Jacqueline Townshend - The Mitigating Power of Compassion Against Shame in Medicine

 

 

 

 

Jacqueline Townshend

The primary goal of medicine is to heal. Clinicians use medications, procedures, and surgeries as tools in the prevention, management, and curing of disease, and they focus on altering the patient’s physiology from a pathological or ‘abnormal’ state to a healthy or ‘normal’ state. While modern medicine prioritizes the biological and behavioral mechanisms of disease, it often ignores other factors that contribute to the overall health of the patient and how the structure of medicine and the delivery of treatment impacts is receptiveness and effects on health and well-being. One such factor is the role that stigma and shame play in the medical encounter. The medical encounter is a particularly vulnerable situation for the patient and thus provides ample room for the power of shame to impact the clinical encounter. Shame is a particularly powerful emotion that can impact the social, psychological, behavioral, and physiological states of the patient and impede the effectiveness of treatment. The role of the physician and the healthcare system as a whole is critical in not only preventing but also mitigating the effects of shame in medicine. Compassion is one tool that can be used to directly oppose the effects of shame through social, psychological, behavioral, and physiological mechanisms. Compassion and shame have opposing effects and implications in medicine, but their mechanisms of action within the body are opposite, and compassion can act as a mitigating effect for shame in medicine through a variety of clinical, organizational, and individual interventions.

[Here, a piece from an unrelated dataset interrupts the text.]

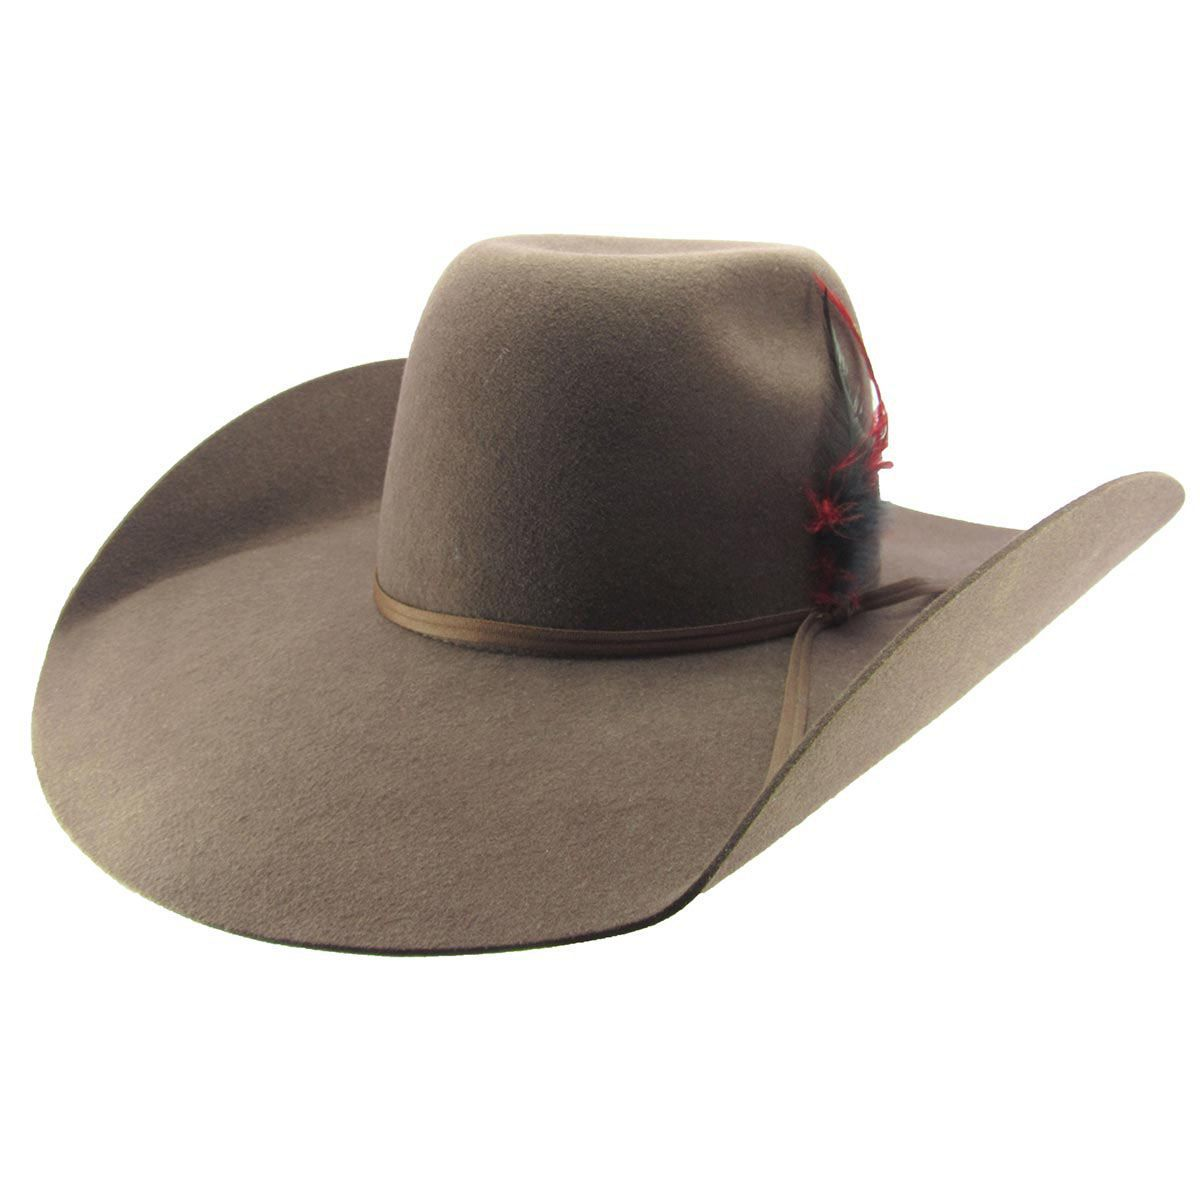 59d39b6a0bf43 Chapéu Pralana Biplay Ii Café Country Aba 13 - Cowboy BR

John Underwood - Applying the Clinician Compassion Mindset Process to Facilitate Optimal Treatment of Substance Use Disorder

John Underwood

Substance Use Disorder is an overwhelmingly prevalent condition that has only recently become classified among other mental disorders. Residual stigmatization of this condition lingers and continues to propagate throughout society today. The underlying purpose of this report is to provide a thorough analysis and application of the Clinician Compassion Mindset Process, a detailed method prioritizing the delivery of compassionate care in medicine, in the treatment of a specific condition. However, by describing the modern understanding of the pathophysiology, causes, and clinical therapies of Substance Use Disorder and uniting that well-informed understanding with the Clinician Compassion Mindset Process, this research serves a dual-purpose to directly challenge the stigmatization and misperceptions of Substance Use Disorder from clinicians and society as a whole. This walkthrough of the Clinician Compassion Mindset Process is primarily targeted toward medical professionals and pre-medical students although the content is also well-suited for patients, patient families, and a wide array of other audiences.